Stepping through the front door gives me a sense of vertigo. Rows and rows of shelves and shelves of books! A wild impulse seizes me: I need to read everything. I have visions of working my way methodically along the stacks, consuming every volume in turn till I’ve absorbed all of humanity’s collected experiences. But there’s far too much for one person to handle, and more is being published all the time. I’m overwhelmed by the fathomless volume of words and a queasy sea-sickness sets in.
Ceridwen Dovey says she, too, suffers from the “ailment” of being “overwhelmed by the number of books in the world.” In her essay on reading, she quotes bibliotherapist Susan Elderkin on the subject: “If you actually calculate how many books you read in a year—and how many that means you’re likely to read before you die—you’ll start to realize that you need to be highly selective in order to make the most of your reading time.”
The fear of drowning in literature coupled with comments on the inevitability of death. Cue my library anxiety. With each trip to pick up a few holds, I worry: Will today be the day the Dewey Decimal System induces a full-fledged panic attack?
Happily it’s never come to that. Still, once I check out my selection and head for the door, I’m not home free. As I emerge into the world a second impulse tends to grip me: I need to stop writing.
To write is to add to the world’s burden. Publishing only bloats its bookshelves with more titles to taunt time-strapped readers. No one needs another book on their unfinishable list! And if someone does read my work? In the zero-sum game of mortal pursuits, I’ve deprived them of the chance to enjoy Tolstoy instead.
So you see, I hate libraries. I hate them because they paralyze me with impossible impulses, first as a reader, then as a writer.
On the other hand, yes, I confess—I also love libraries.

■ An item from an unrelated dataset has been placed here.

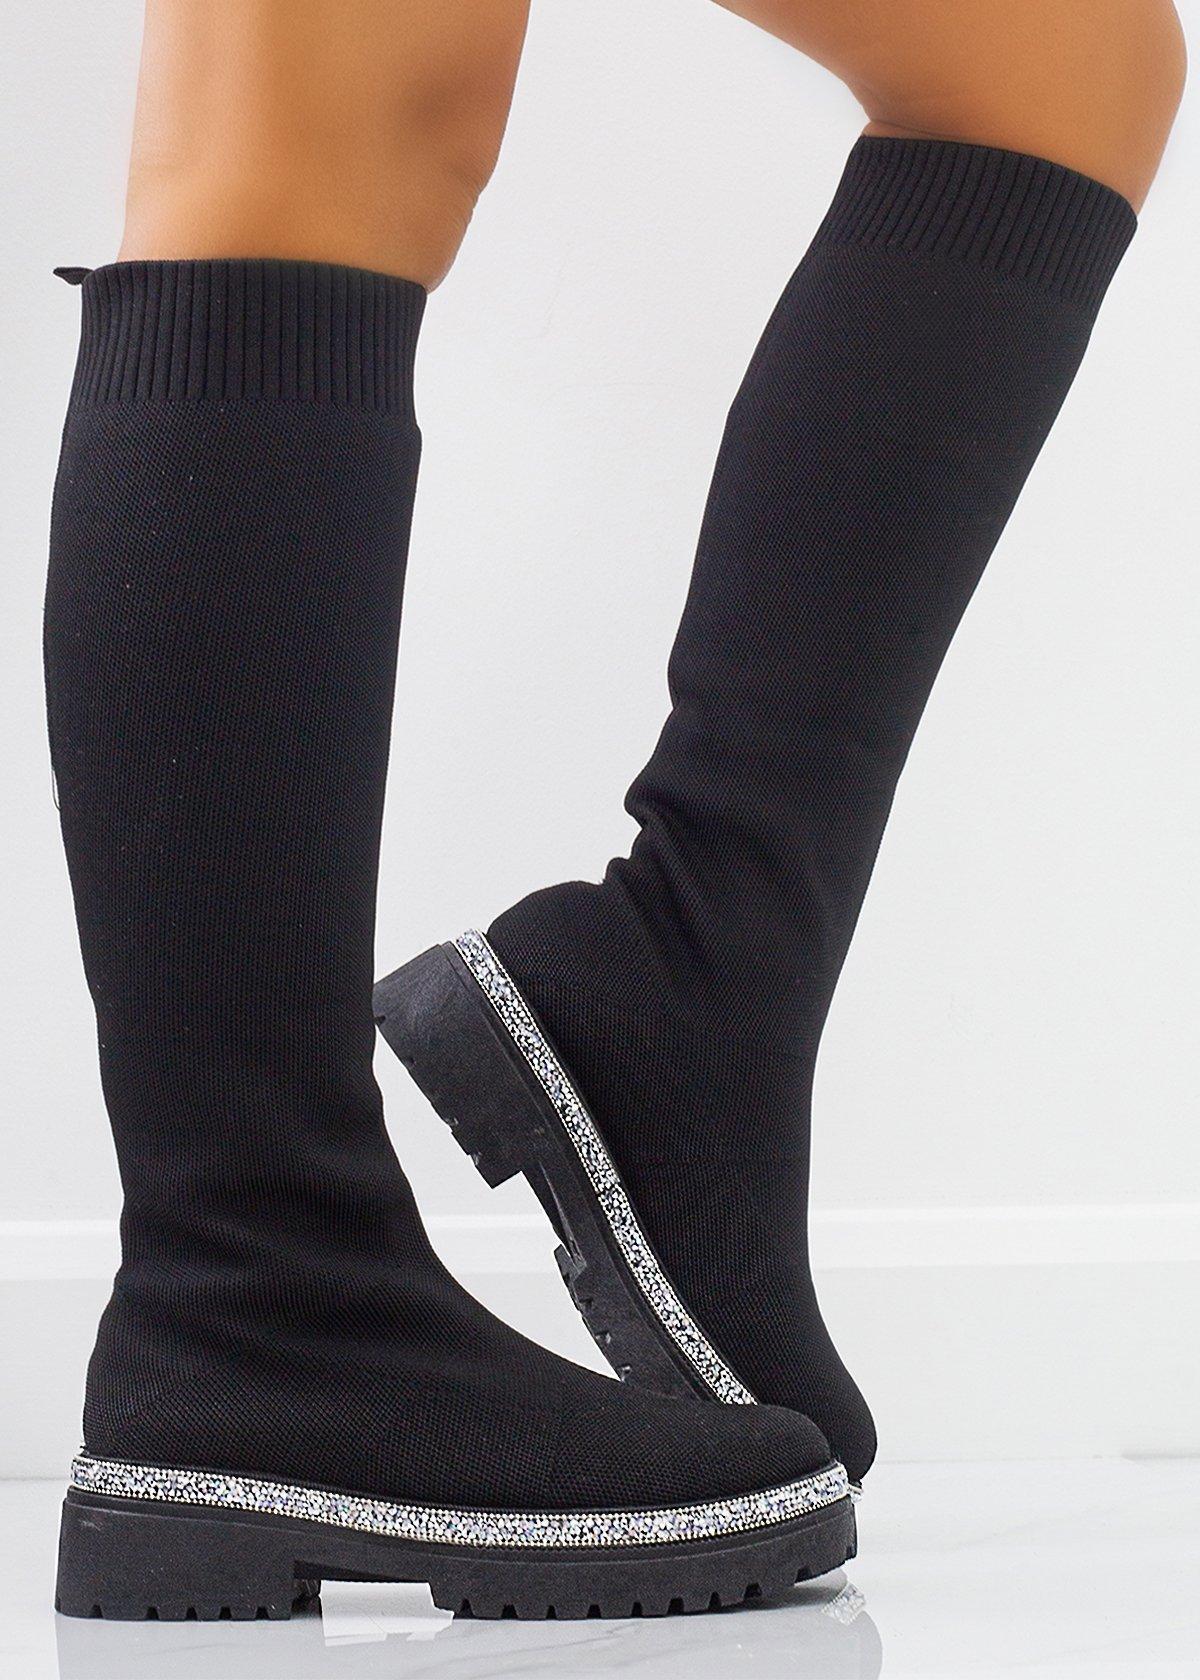 Блестящие эластичные ботинки-носки до икры Love Lemonade, черный короткие носки носки до икры носки до щиколотки блестящие масляные эластичные удобные дышащие невидимые носки

I tend to feel this love best when I’m not in one (as I was this morning) but reflecting on them from the safety of my couch (where I am now). After all, what’s the alternative to libraries? Not collecting and cataloguing all that humanity has written over the millennia? Not giving communities a central place to exchange stories, experience their heritage, explore each other’s minds?

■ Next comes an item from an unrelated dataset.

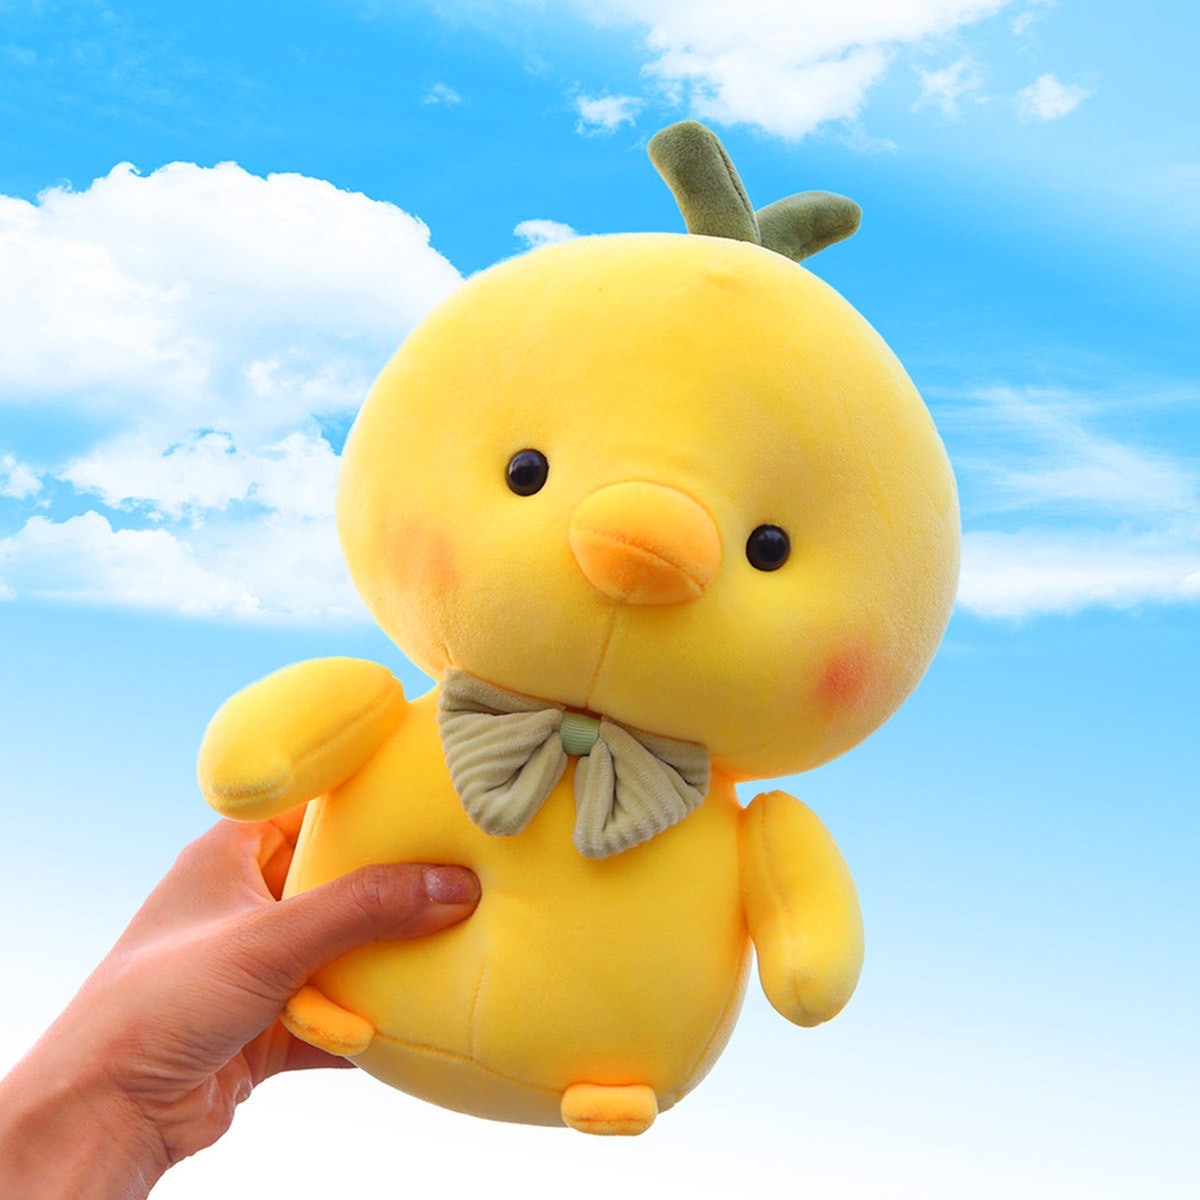 Little Yellow Chick Stuffed Animal

Libraries may terrify me the way the ocean does with its unknowable depths and unswimmable widths, but the idea of no libraries seems as deadly as the desert. Pick your poison: to lose yourself on an endless voyage in the waves of others’ writing, or to die dried up by drought. Queasy as it makes me, I’ll take the ocean.
And if an ocean there will be—waves of human writing on all sides—I may as well give myself permission to contribute to it. Hilton Als speaks to this in his essay “Ghosts in Sunlight”: “Jean Rhys says that she considered her writing to be the tiniest stream, one that trickles into the vast ocean that is world literature. But without those streams there would be no ocean.”
Better to live (and die) in a world with more streams than any one mortal could see, to ensure that collectively our species’ oceans never run dry. I try to remind myself of this when that library seasickness hits: you are just another explorer, buoyed up by others’ work; you don’t need to chart every corner of the ocean, only enjoy the journey you’re on. Keep reading.
And you may as well let your own literary stream flow into that ocean as well. It might not seem like the world needs you to swell its volumes, but your story is part of humanity’s story and deserves its sliver of shelf as well. Who knows which fellow human will ride your wave one day? Keep writing.
The very existence of libraries affords the best evidence that we may yet have hope for the future of man.